Pick One! – The girl must be good with cooking and handling the kitchen.


Here, in this part of the world, the ancient practice of calling upon families with daughters of marriageable age and taking along eligible sons is still as despicable yet customary as ever. Some of us realize the systematic exploitation happening here. Others play right into its hands. Still others deny the horrid objectification standing right under its nose.

Let me take you to a random home where some random middle class family is having its daughters examined for desirable qualities. They are all waiting, breaths hitched, to see which one gets picked. Today can be their lucky day.
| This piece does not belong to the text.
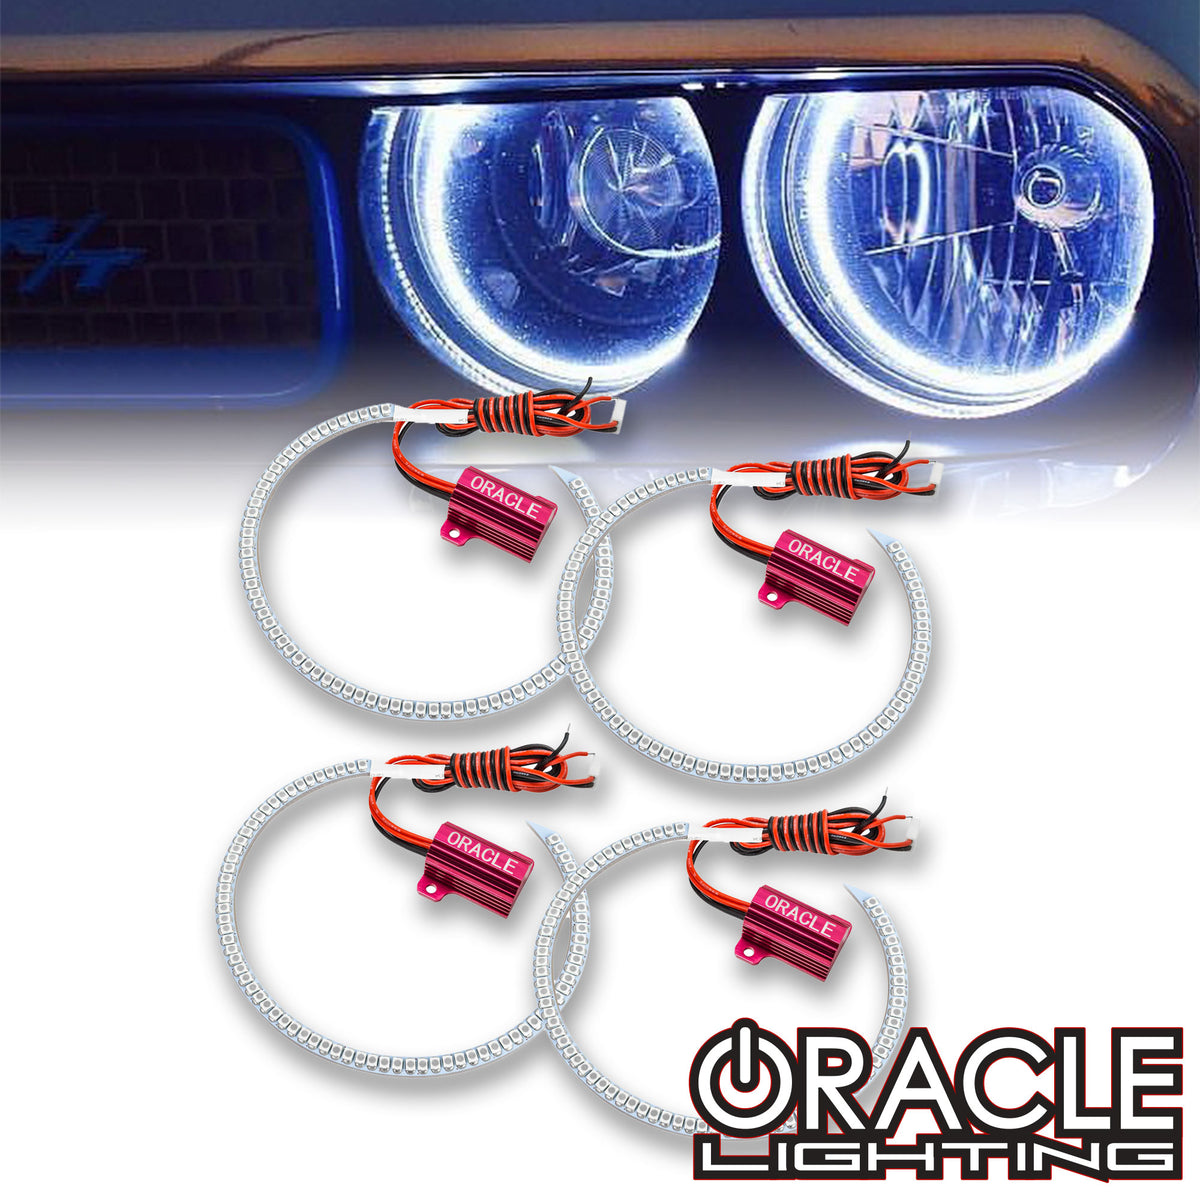 ORACLE Lighting 2008-2014 SMART Car LED Headlight Halo Kit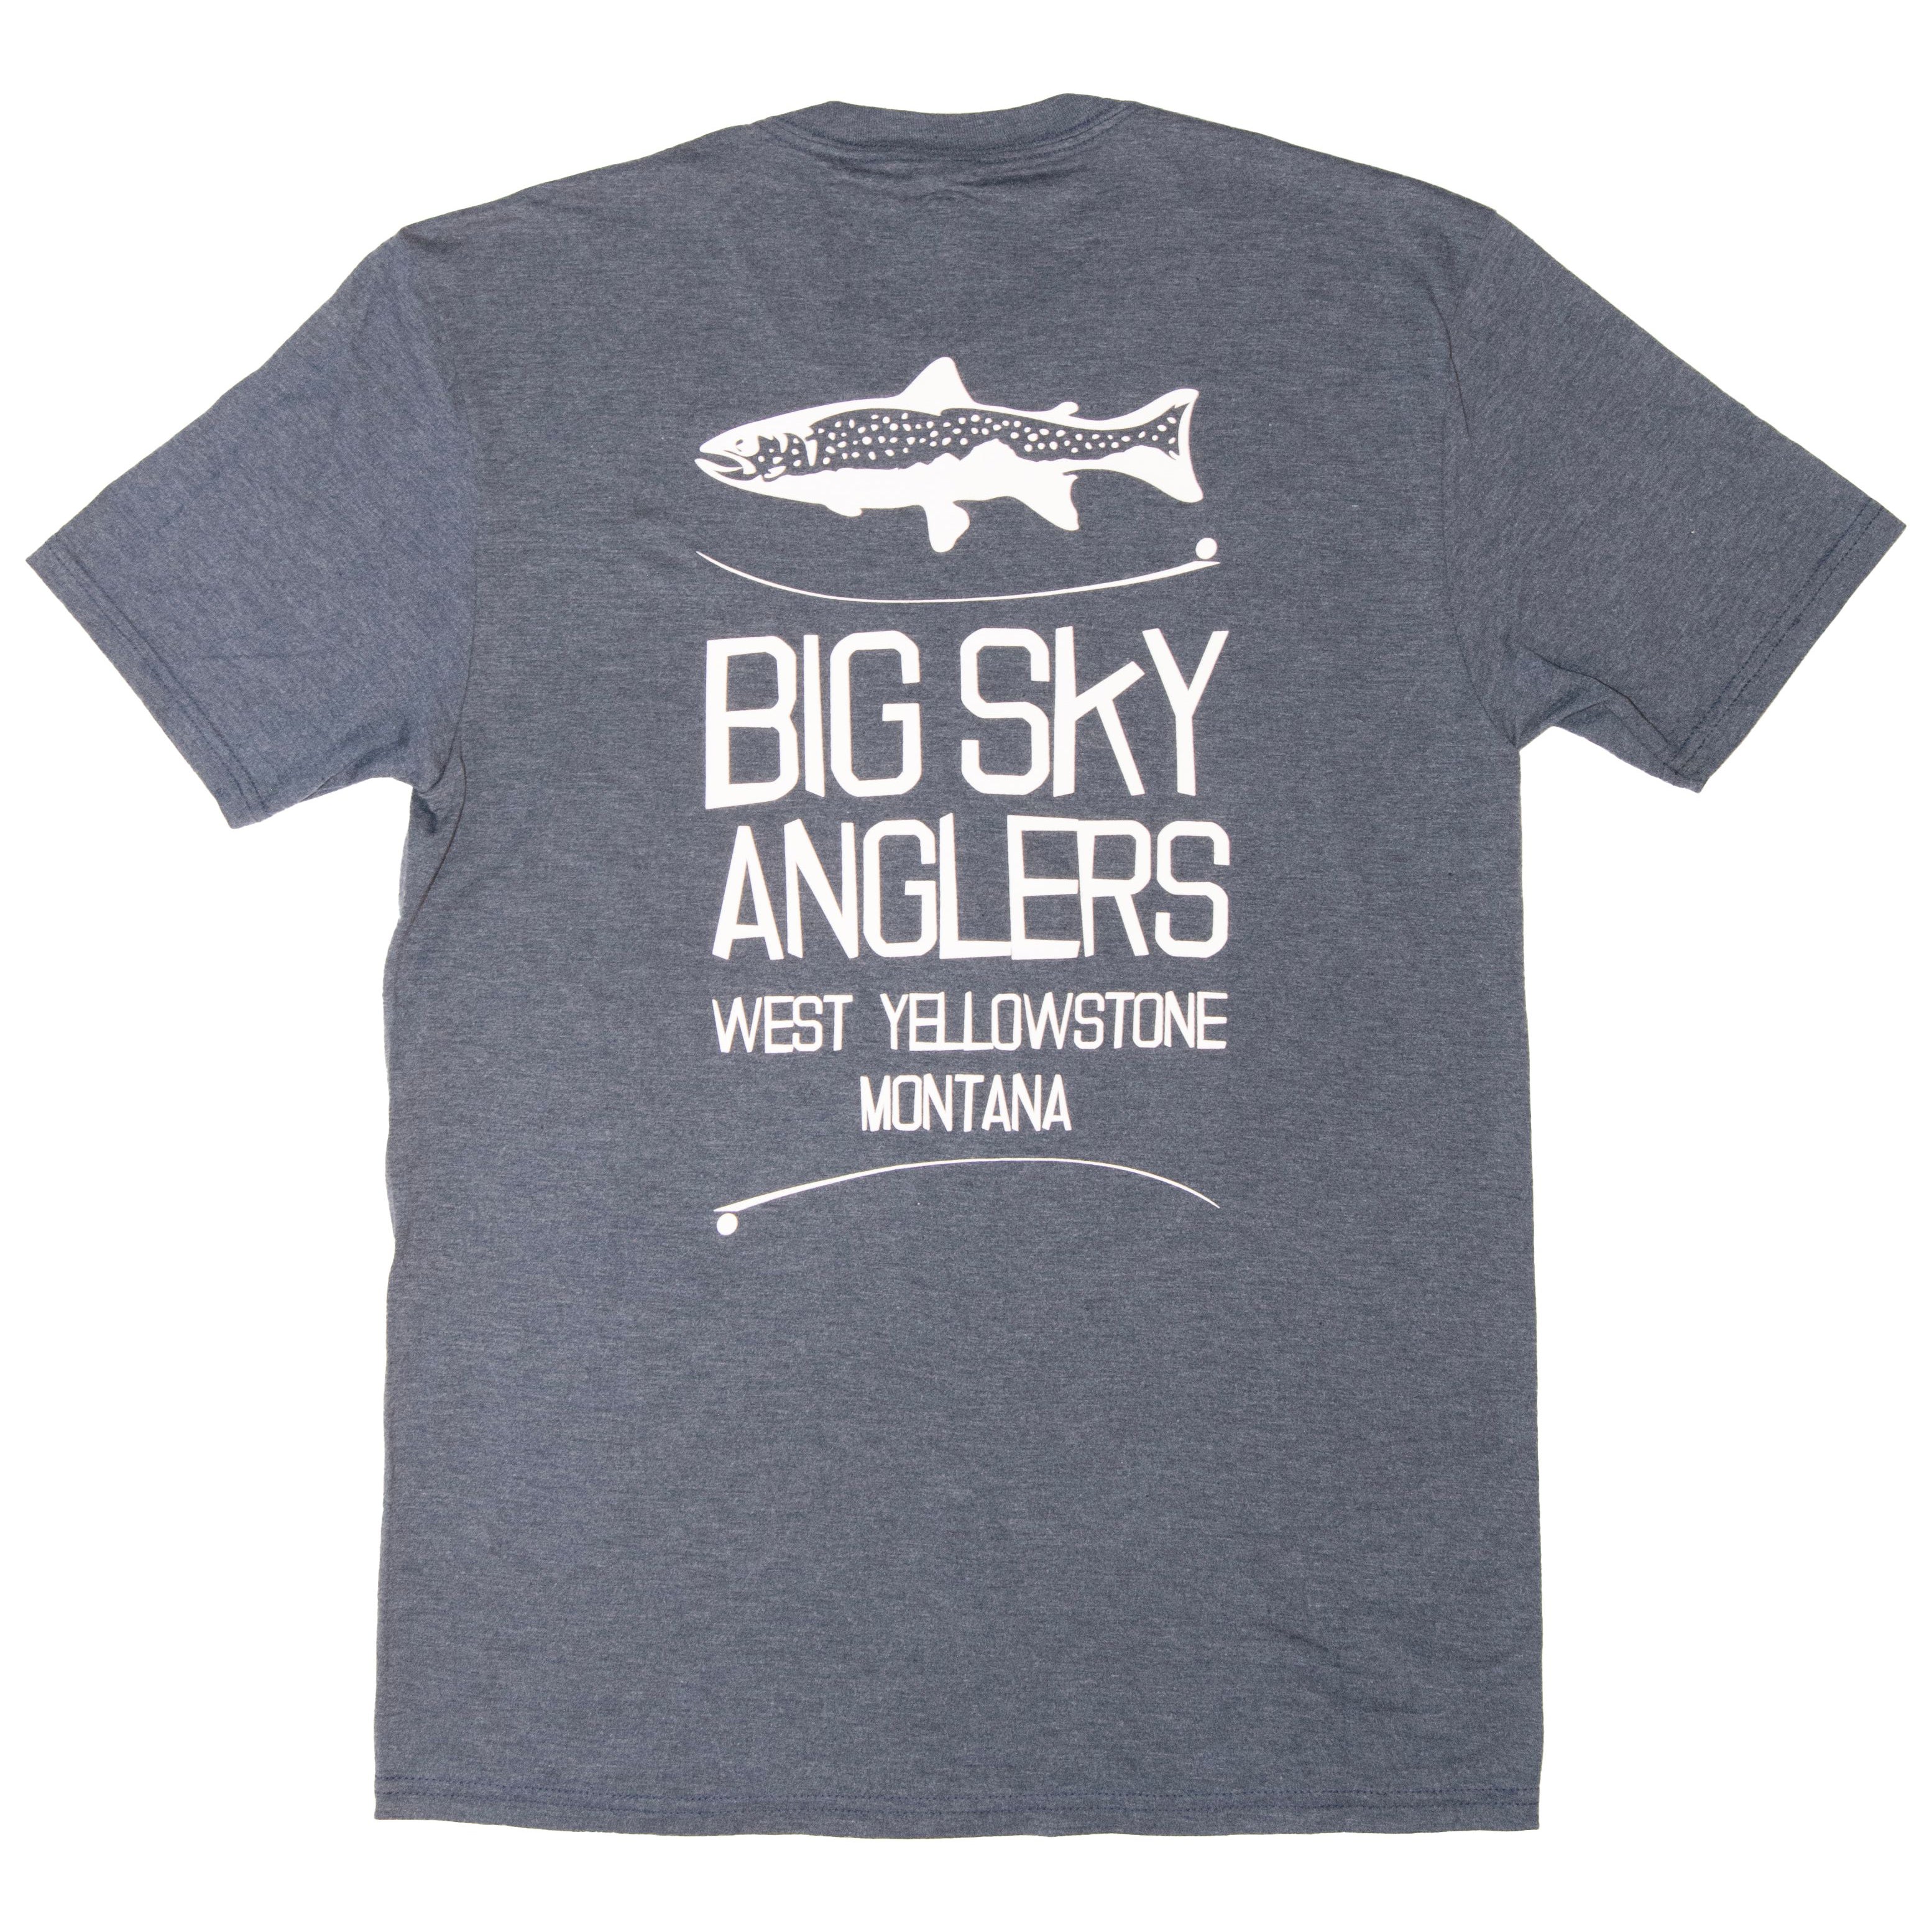 Big Lebowski Whitey T Shirt - Blue - The Missoulian Angler Fly Shop

Maria, the oldest, has the firmest hand while pouring out tea. The girl must be good with cooking and handling the kitchen. That is one of the main problems solved right there. She has appreciable eyes, pink lips and a fine nose. A little grooming and she would be as presentable to the society as anyone. Her dupatta stays set on her head. That gives away modesty and character. Her gaze rarely lifts from the ground and even when it does, it never meets her eye. The Examiner sees obedience and it makes her feel good. Everything is perfect except the curly, uncontrollable hair creating a mess under that dupatta. The Examiner fears the dupatta itself might be a little too much for her friends but she also hopes she can convince the girl to get rid of it when necessary. ‘Oh no, the way she holds herself while standing is a disaster,’ thinks The Examiner and spends a minute on whether that can be gotten rid of. The whole package, nevertheless, is acceptable.

Satisfied, she moves on.

Six women and dog – abstract art vector illustration.

The middle one, Zara, fidgets with the hem of her shirt and does not care enough to sit crossing her legs like a lady. She appears bored and is not paying attention to anyone. She is about to be discarded when Samiha notices Zaid staring at her and realizes that the brooding lips do make her look even more beautiful than she is. That ought to justify the boredom too. Being that pretty justifies much. But Samiha also worries about whether it justifies the thinly veiled anger in her eyes.

“So, Zara, is it? I hope you are studying somewhere. A college?”

“Yes,” she says and then adds “Ma’am”.

Samiha thinks obedience can, indeed, be taught. The girl’s beauty makes up for it all.

The third one, Samiha has forgotten her name, has an innocent look on her face as she gazes up at her parents trying too hard to make small talk with Zaid and his two sisters. She presses her hands together when she feels Samiha looking at her and blushes. Lucky for her, Samiha finds it sweet. Her eyes, like her sisters, are not bad to look at. Unfortunately, the same cannot be said of her nose. Proportionally, it covers way more of her face than it ought to. Someone chokes on their biscuit and the girl rushes over to pour a glass of water. Eager to please, then.

The examination is complete. The girls’ mother thinks this family are God’s perfect miracle. The father knows his daughters will never get a better chance. “Pick one,” The Examiner whispers in her son’s ear, “whichever you want.”